Mystra is the goddess of magic and with that the goddess of possibilities that magic can bring about, which makes her arguably the most powerful deity in Faerûn and possibly throughout Realmspace.
She is said to have taught the first spellcaster of the Realms, and to have enabled many of the races to use magic. She is most venerated by wizards and those who use magic or magical items in their daily use. She differs from Azuth in that Azuth is the god of wizards, while Mystra is the goddess of the essential force that makes all spellcasting possible.
Mystra provides for and tends to the Weave, of which she is effectively the embodiment. The Weave is the conduit that enables mortal spell casters and magical crafters to safely access the raw force that is magic. She supposedly weighs and judges each new spell or magical item to determine whether it should be permitted into the Realms. Although she favors the ethos of good, she has learned that as deity of magic, she must preserve the Balance. While she can prevent the creation of new spells and magic items that her philosophy opposes, she rarely exercises this ability unless they threaten the Weave or magic in general.
Worshipers, Clergy & Temples
The church of Mystra is very powerful across Faerûn and includes many adherents among the populace. Were more wizards and sorcerers devout worshipers of the Lady of Mysteries, the faith would undoubtedly be the most powerful in all Faerûn. Mystra's followers have lost a great deal of influence since the Time of Troubles, when magic ran amok and caused great destruction. The deity's actions over the past decade have only driven more worshipers, particularly evil wizards and sorcerers, into the arms of Shar.
Mystran clergy work hard to preserve all magical lore so that magic can flourish in the future regardless of what befalls the thinking races of Faerûn or the powers of the planes. They maintain secret libraries, private safe holds, well-guarded research laboratories, and small, hidden stashes. Mystrans also search out beings skilled in spell use and keep watch on the power and behavior of individuals likely to become magic-wielders of importance.
The clergy actively seek out sources of old magic, often from tombs, dangerous ruins—even liches.
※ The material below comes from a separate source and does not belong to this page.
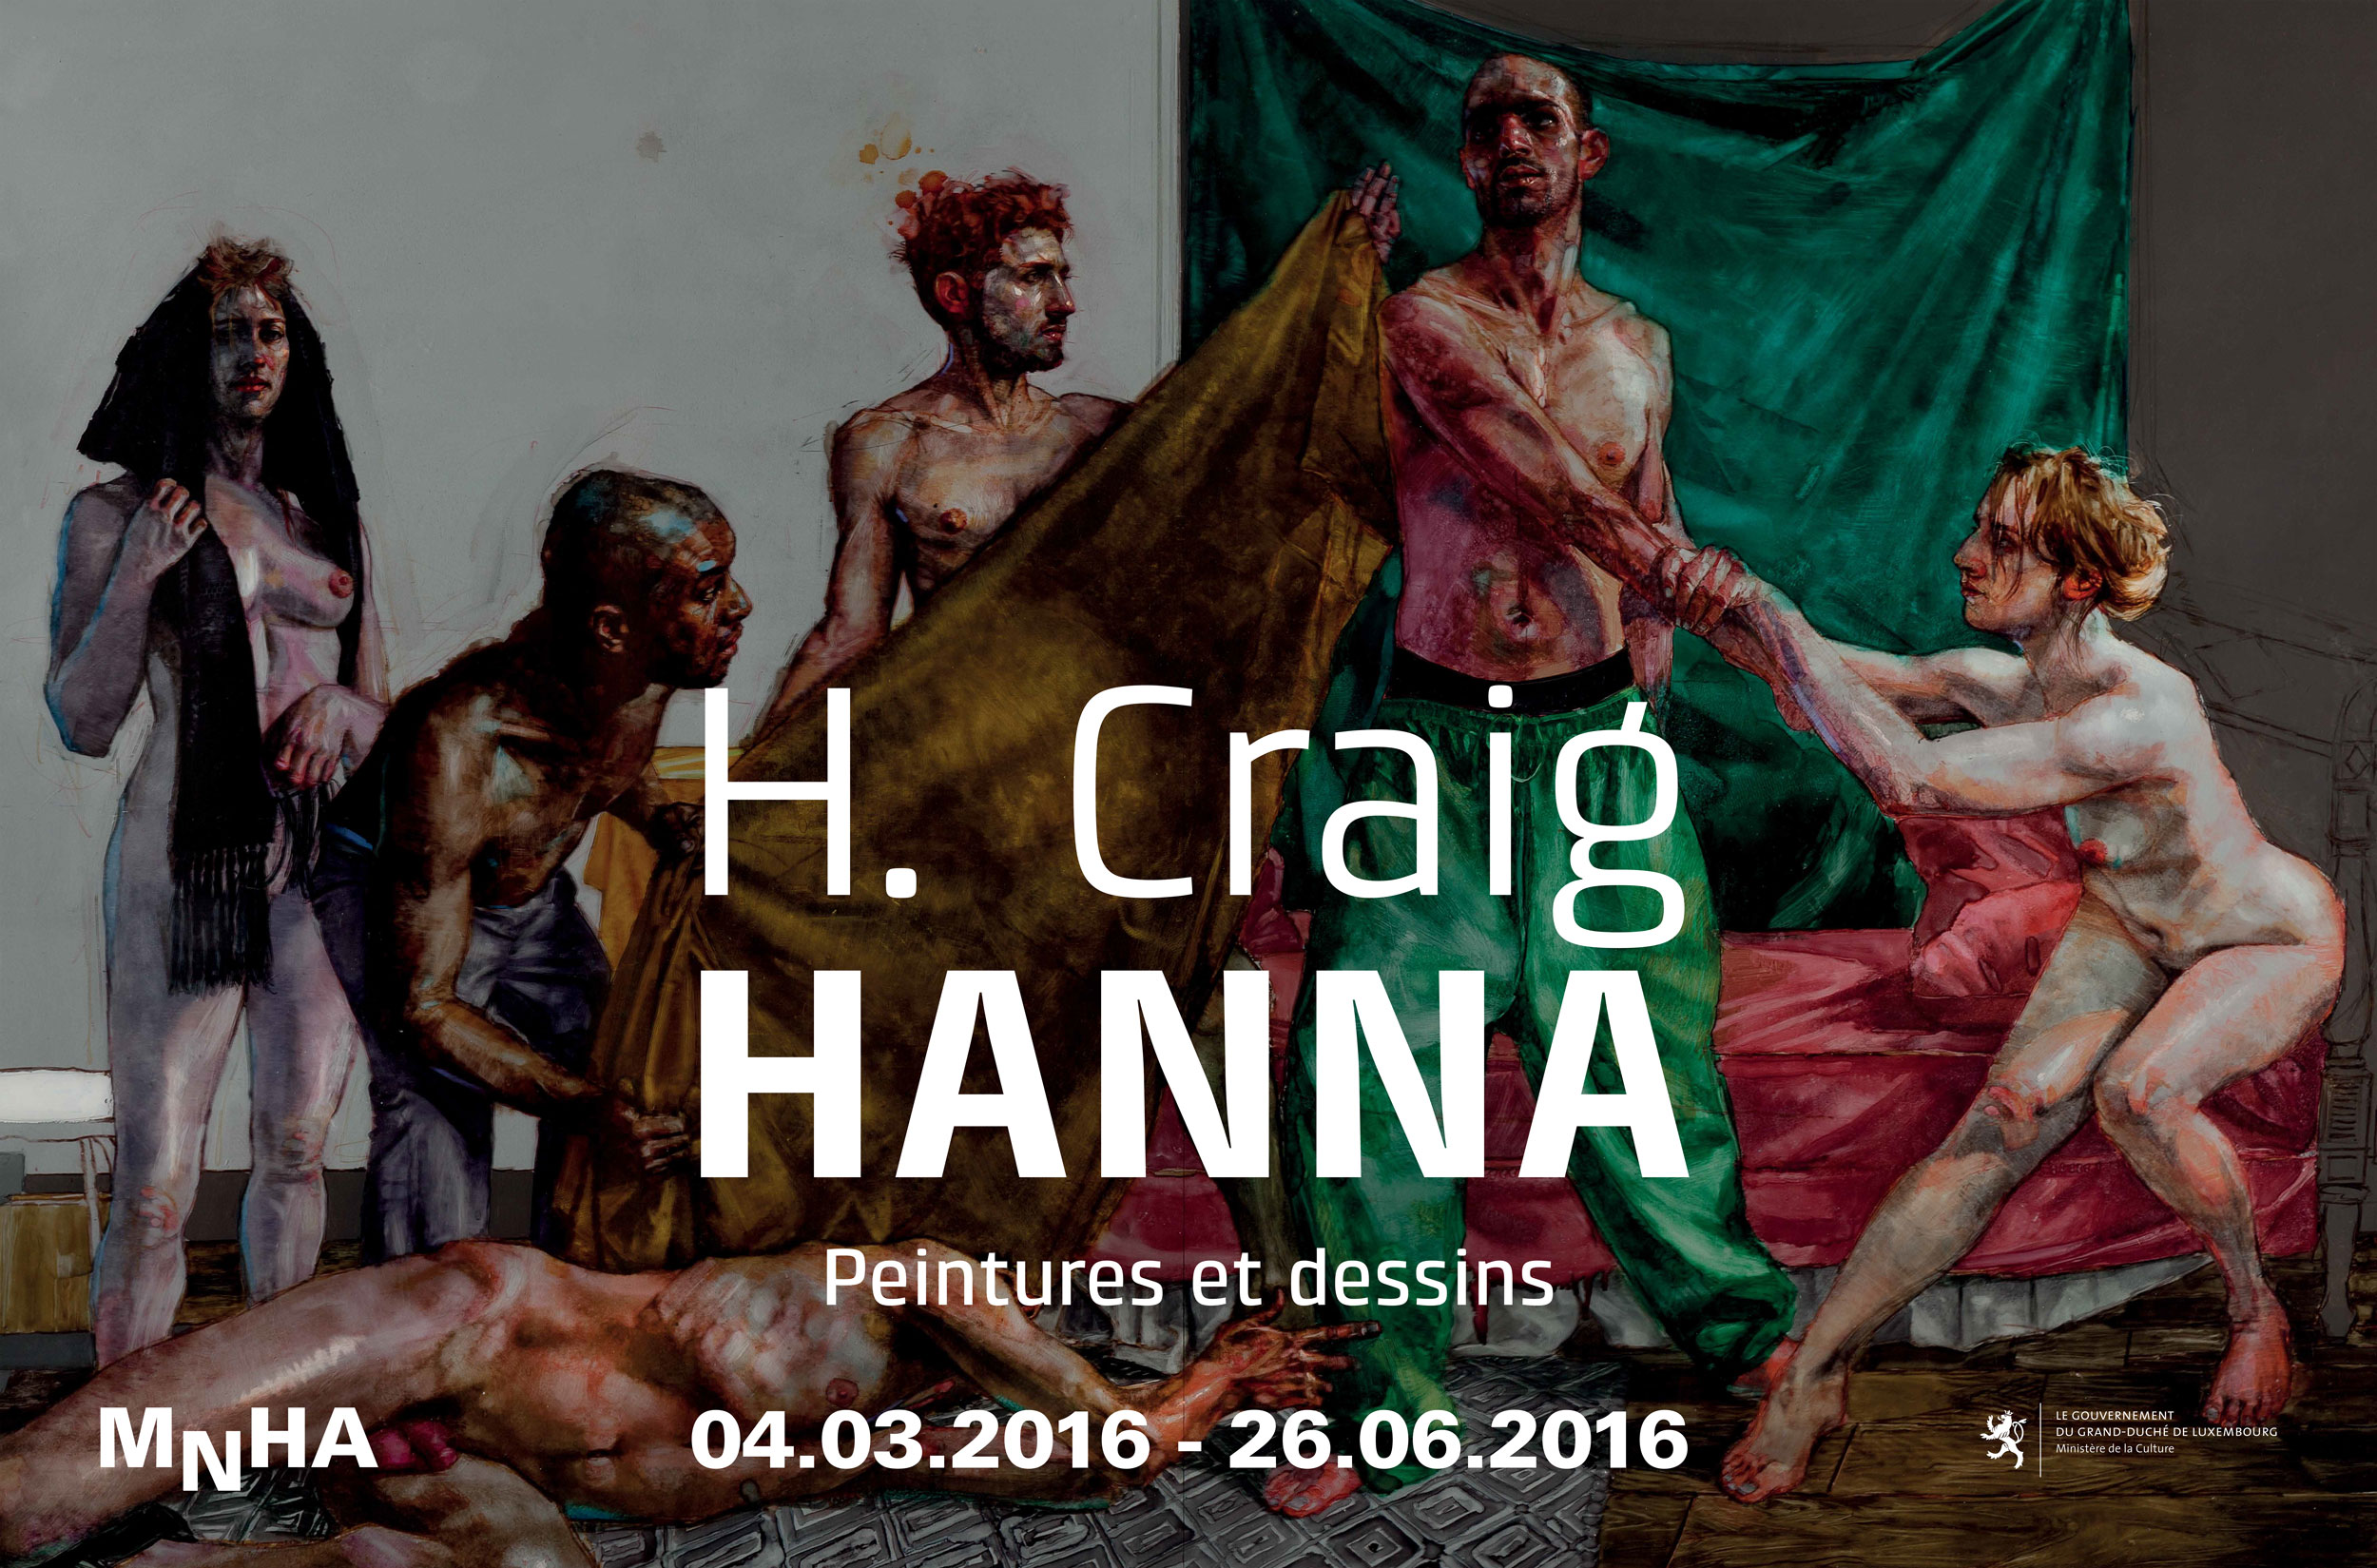 H-Craig-Hanna-MNHA.jpg

They consider it more crucial to know the precise location of artifacts and items of magical power than to possess them, but wherever possible, they work to wrest control of such things from the aggressively evil, the irresponsible, and the unsound of mind. While some of Mystra's clerics follow the teachings of the older, lawful neutral incarnation of the deity, most have changed alignment in accordance with her current incarnation or have left the faith.
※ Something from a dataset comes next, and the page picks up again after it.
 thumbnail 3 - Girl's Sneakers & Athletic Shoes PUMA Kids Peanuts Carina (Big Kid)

All clergy of Mystra are expected to devise their own new magic (whether it be spells or items) upon gaining sufficient experience. In this way, magical study remains a growing, vibrant thing, and magic is not merely seen as a handy tool for rulers and engineers to tame Faerûn, but remains a thing of wonder. Mystra's clerics usually multiclass as sorcerers or wizards.
All priests of Mystra can cause their own flesh—all of it, or specific areas, such as a hand—to glow at will with a soft, blue-white radiance as a boon from Mystra. This radiance, known as weaveglow, is enough to read by or to allow a priest to clearly see items and surroundings within 5 feet. Most Mystrans keep this sign of the favor of the goddess secret from nonbelievers. As something mysterious, it is more useful, allowing them, for example, to feign affliction or magical attack. Weaveglow is granted to priests after their initiation, which is often a Starflight ceremony.
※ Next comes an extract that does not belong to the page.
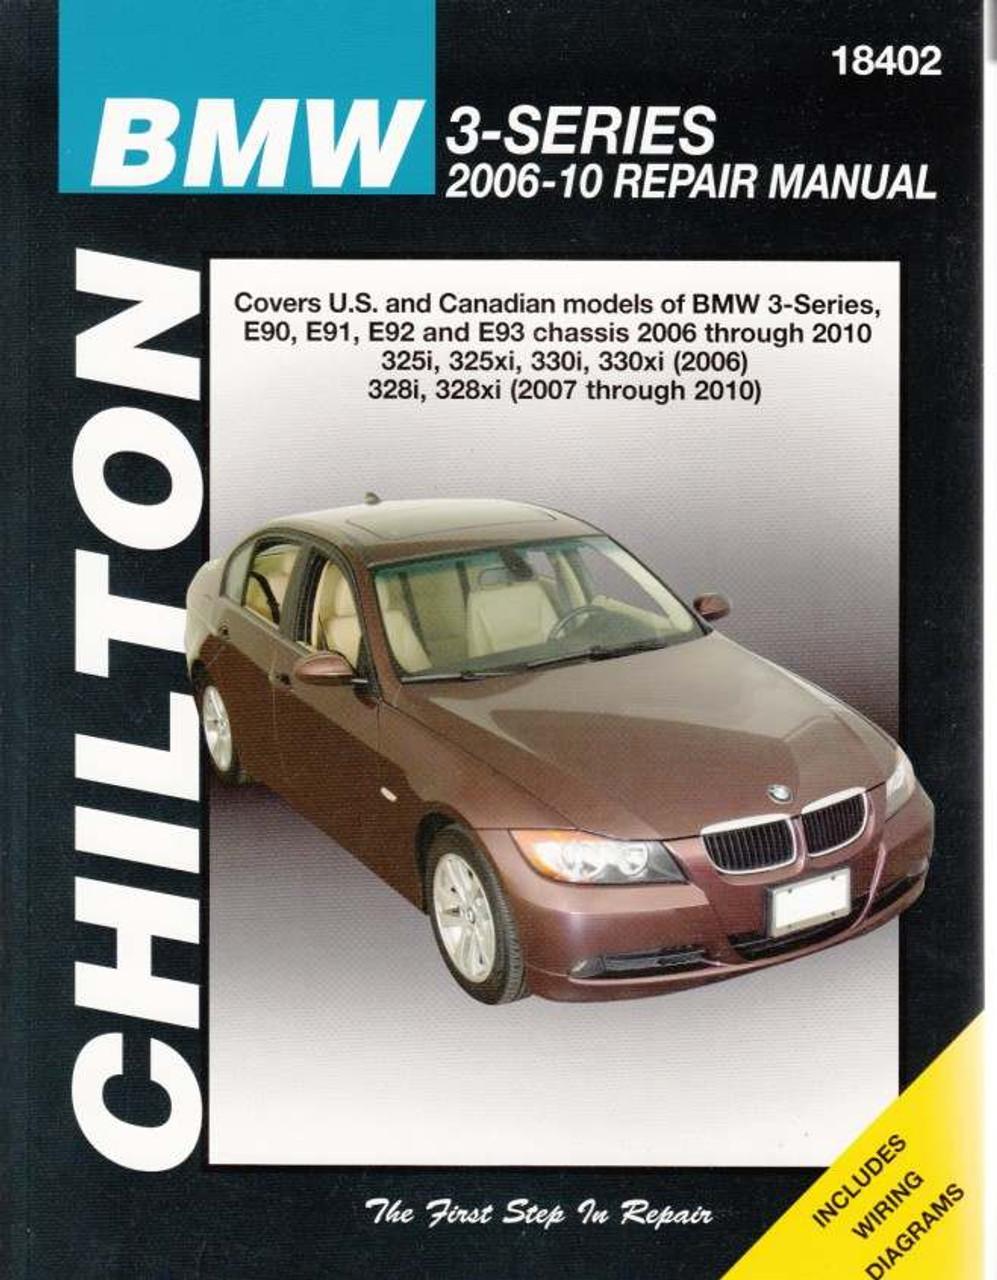 Buy Bmw 3 Series E90 E91 E92 E93 2006 2010 Workshop Manual

The ceremonial garb of Mystran clerics consists of simple blue robes, sometimes trimmed with white, accented by a cloak of deep blue in colder climates. Some form of blue headgear is required, though this may range from a plain skullcap for the scholarly orders of the Sword Coast North to wide, ornate hats and helms in southern lands.
Mystra's symbol was a blue-white star before the Time of Troubles, but both old and new symbols are still in use. Mystran clerics are very tolerant of the older worship of Mystra, as they feel that progress comes only by learning about the past. They let established symbols of the old faith stand, but when creating new symbols, they always use the new sigil of their deity.
In the field, priests of Mystra wear armor and bear the new symbol of Mystra on their shields as a display of their faith. If armor is inappropriate, they dress in the fashion of the land they inhabit appropriate for the inclement weather.
The hierarchy of the Mystran faith is wide and varied, separating into orders concentrating on one form of magical energy or another. Clerics, specialty priests, wizards, and bards can all he found in its ranks without regard to experience level or origin. The general rule of the Mystran faith is that talent and ability outweighs social rank or legendary feats. Only those clergy members who gain their spells directly from a higher power gain their spells directly from the goddess, but all are welcome within the church's hierarchy.
The priests of Mystra are known as Servants of Mystery. Higher level priests, both those with title and lands and legendary adventuring priests, are called Ladies or Lords of Mystery. Titles within the faith vary from temple to temple and follow no standard form across the whole of the church, though most temples are rigidly self-consistent.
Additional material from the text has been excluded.